We use a lexer/parser/application layering along
the lines I described above.

At the lexer level:

- |, _- : block, as today's blocks.
- "quoted text" : as today's quoted string.
- 'quoted text' : as today's quoted string, minus the escaping.
- unquoted text : is the default. Is the same as 'quoted text',
  but is subject to type processing by the parser.
- @ is optional. Only required is the list is empty.
- % is optional. Only required is the map is empty,
  or if the first key in the map is "too large" (limit
  to be no smaller then 512 characters).
- A scalar value starting at the next line must be quoted
  if it contains : anywhere in the first line.
- *Every* scalar is a string.
- There are no shorthands.
- The information model is map/list/string.

At the parser level:

Mapping from this model to the native data structures
of a given language is application-specific.

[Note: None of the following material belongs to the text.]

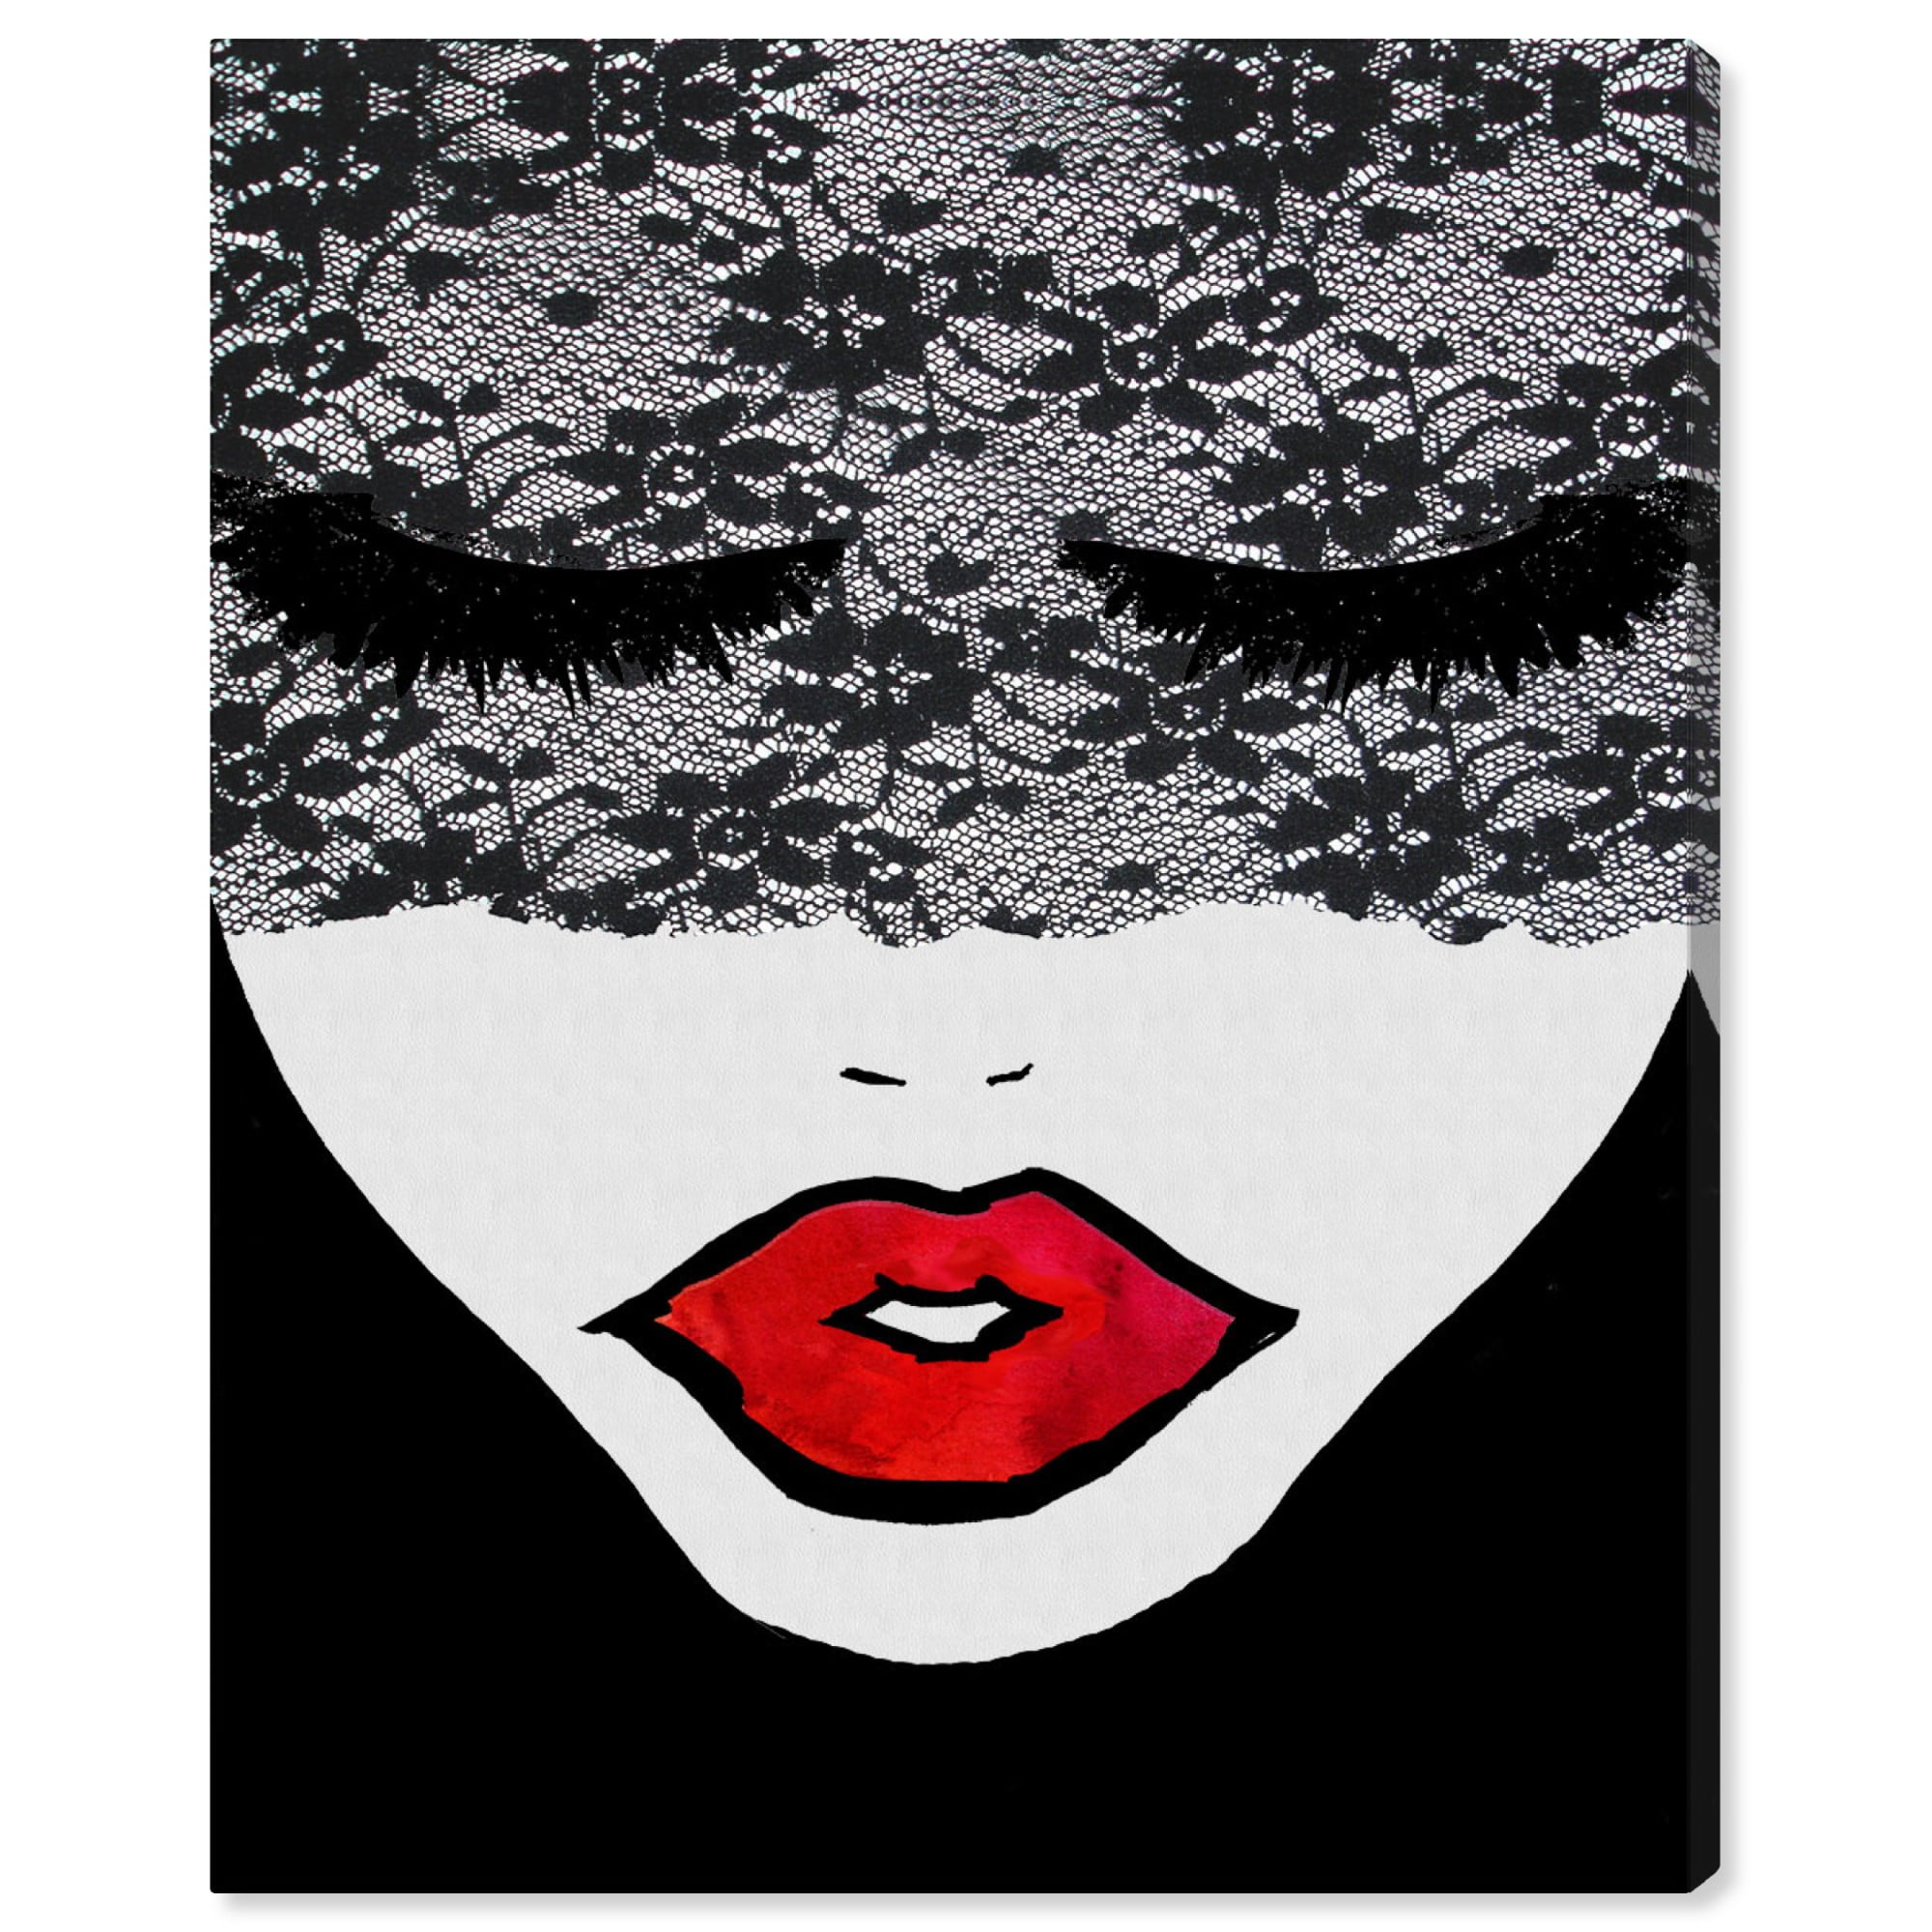 Fashion and Glam Noir and Blush Lips - Graphic Art Print Willa Arlo Interiors Format: Black Framed Canvas, Size: 24 H x 24 W x 1.5 D

However,
the following data structures are common to a wide range
of applications and languages and its use is recommended
(*not* required):

- unquoted ~ becoming a null.
- unquoted (int-pattern) used for specifying an integer.
- unquoted (float-pattern) used for specifying a float.
- unquoted *(int-pattern) used for specifying a reference.
- unquoted & key used for specifying an integer anchor.
- unquoted ! key used for specifying a class.
- unquoted # key used for specifying a comment.
  The parser may be told to strip away comments;
  useful for an application which isn't going to
  write the file back, and wants "just the data",
  e.g. an HTTP server reading its configuration file.

Additional keys and value patterns may be used in an
application-specific way. For example, enhanced reference
mechanisms (path-based, URL-based); additional value types
(date, currency, big-int, binary, etc.);

If use of any such enhancement becomes widespread enough it
may be included in an updated version of the "recommended"
list above.

Agreed?

Have fun,

    Oren Ben-Kiki